PORT: Port to run the server on (default: 8000)
USE_TORCH_COMPILE: Set to "1" to enable torch.compile for performance (default: "0")

License

This project is licensed under the terms of the MIT license.

Testing Your Inference Endpoint

We've included a test script test_endpoint.py to help you test your deployed endpoint.

Prerequisites

Python 3.7+
Your Hugging Face API token
An active Hugging Face Inference Endpoint

Installation

pip install requests pillow

Usage

python test_endpoint.py --token "YOUR_HF_API_TOKEN" --url "YOUR_ENDPOINT_URL" --prompt "your test prompt here"

Additional Options

--negative_prompt TEXT     Negative prompt to guide generation
--seed INTEGER             Random seed for reproducibility
--steps INTEGER            Number of inference steps (default: 30)
--guidance FLOAT           Guidance scale (default: 7.0)
--width INTEGER            Image width (default: 1024)
--height INTEGER           Image height (default: 768)
--output_dir TEXT          Directory to save generated images (default: "generated_images")

Example

python test_endpoint.py \
  --token "hf_..." \
  --url "https://api-inference.huggingface.co/models/username/your-repo-name" \
  --prompt "beautiful sunset over mountains" \
  --negative_prompt "blurry, low quality" \
  --seed 42 \
  --steps 30 \
  --guidance 7.5

This will:

Send a request to your endpoint
Download the generated image
Save it to the specified output directory
Display the seed used for generation

Troubleshooting

Error: "You are trying to load the model files of the `variant=fp16`, but no such modeling files are available"

If you encounter this error when deploying your endpoint, it means the model you're trying to use doesn't have an fp16 variant explicitly available.
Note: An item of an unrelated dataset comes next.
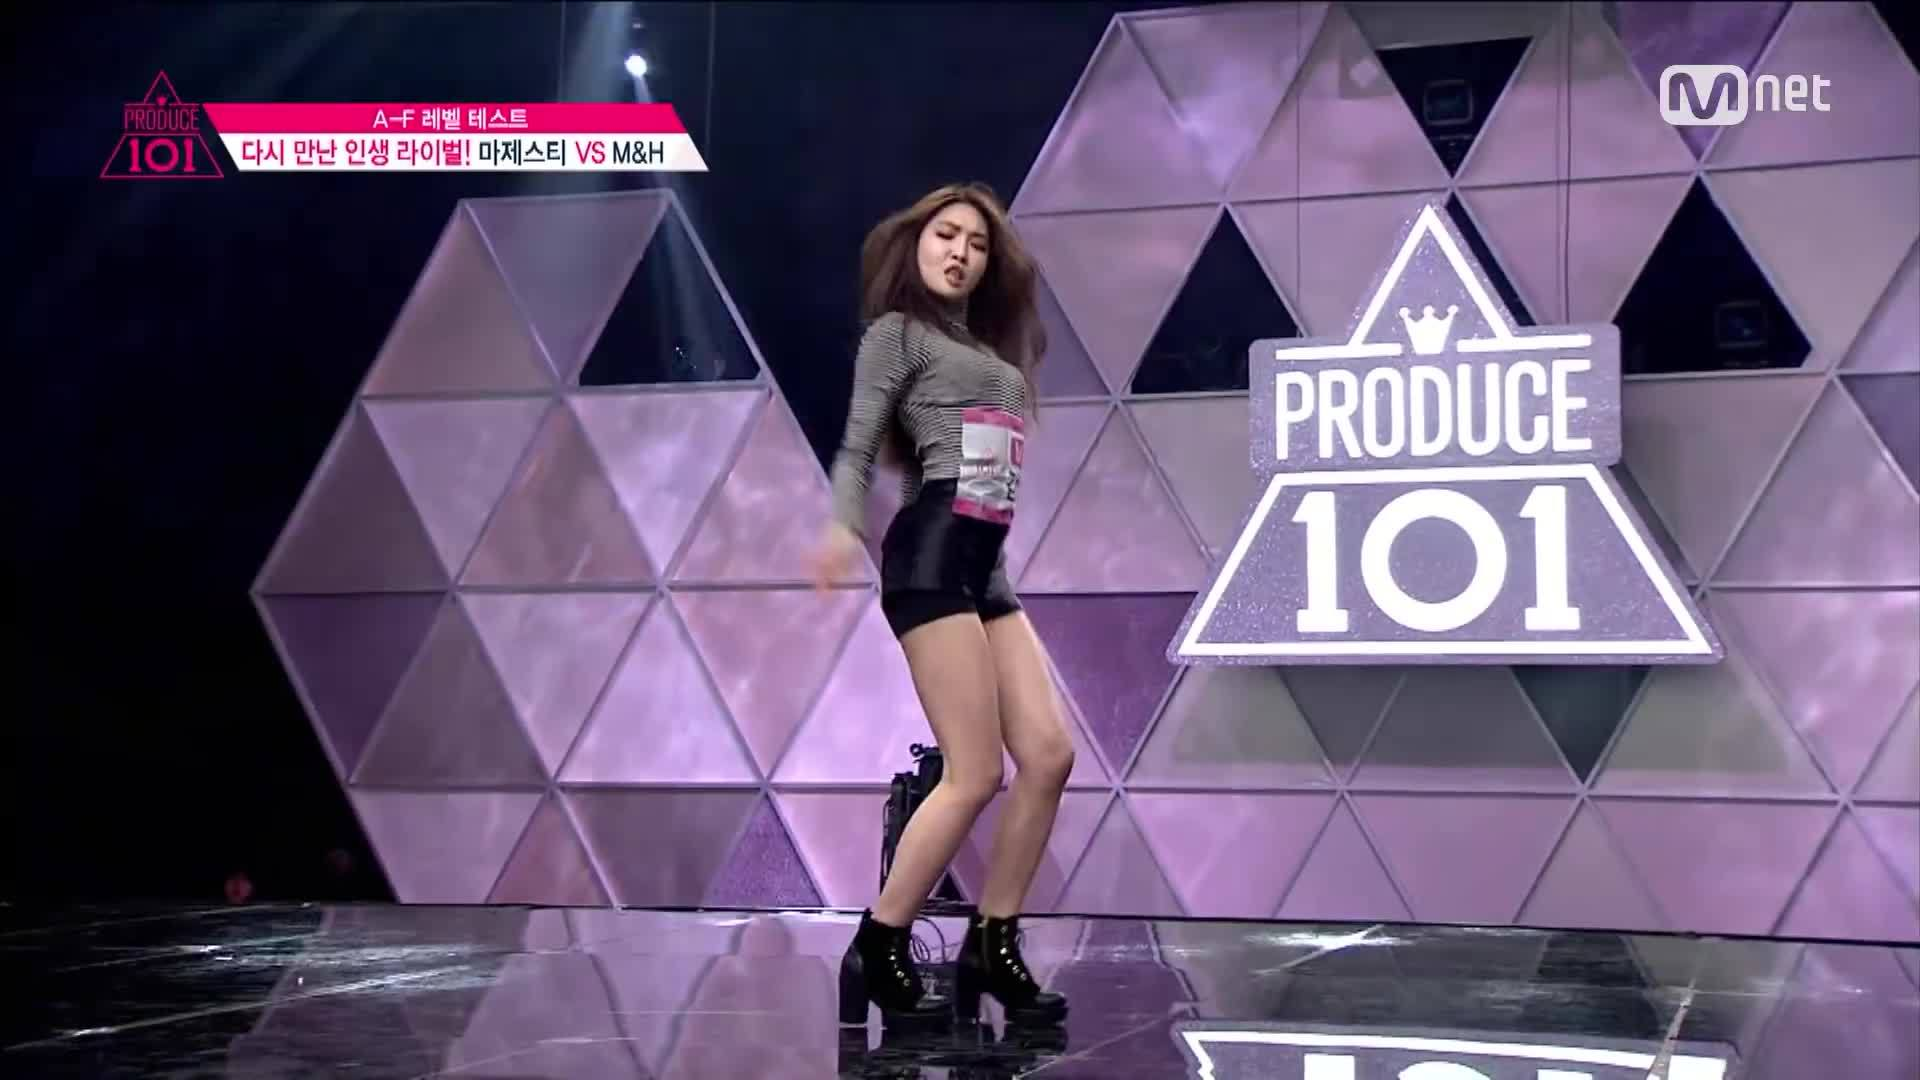 produce101, 오프닝, 프로듀스101, Produce 101 [2회] 노래면 노래 춤이면 춤! M&H 오서정,김청하 - ♬24시간이 모자라 160129 EP.2 GIFs
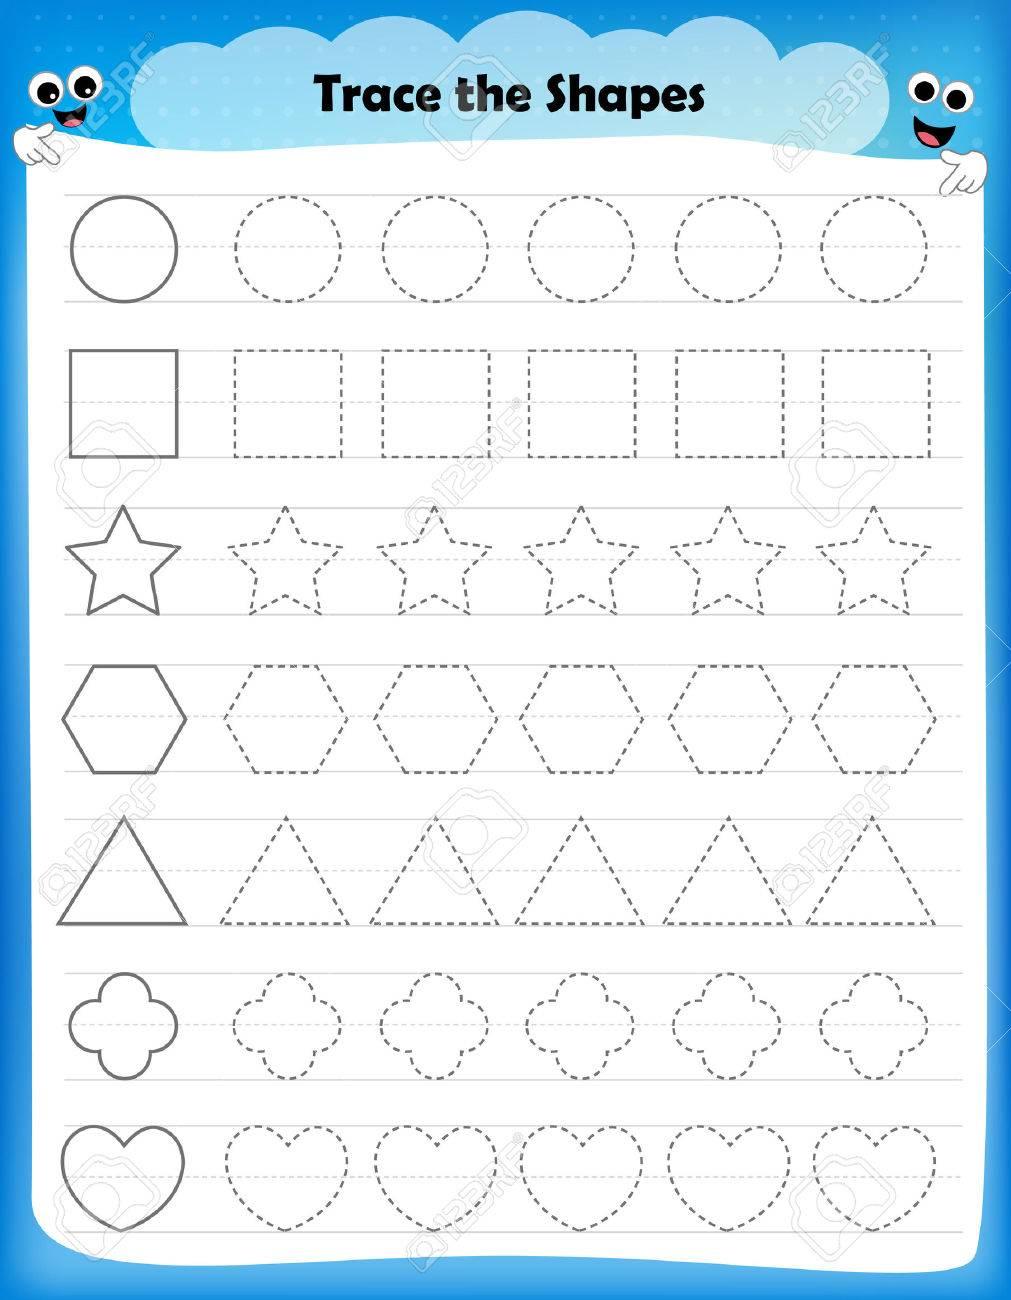 Workbooks shapes tracing worksheets preschool : Preschool Worksheet For Kids. Tracing Shapes Writing Practice ...

To fix this:

Open handler.py
Find the StableDiffusionXLPipeline.from_pretrained call
Remove the variant="fp16" parameter

The corrected code should look like:

pipe = StableDiffusionXLPipeline.from_pretrained(
    ckpt_dir,
    vae=vae,
    torch_dtype=torch.float16,
    use_safetensors=self.cfg.get("use_safetensors", True)
)

This change allows the model to be loaded with fp16 precision without requiring a specific fp16 variant of the model weights.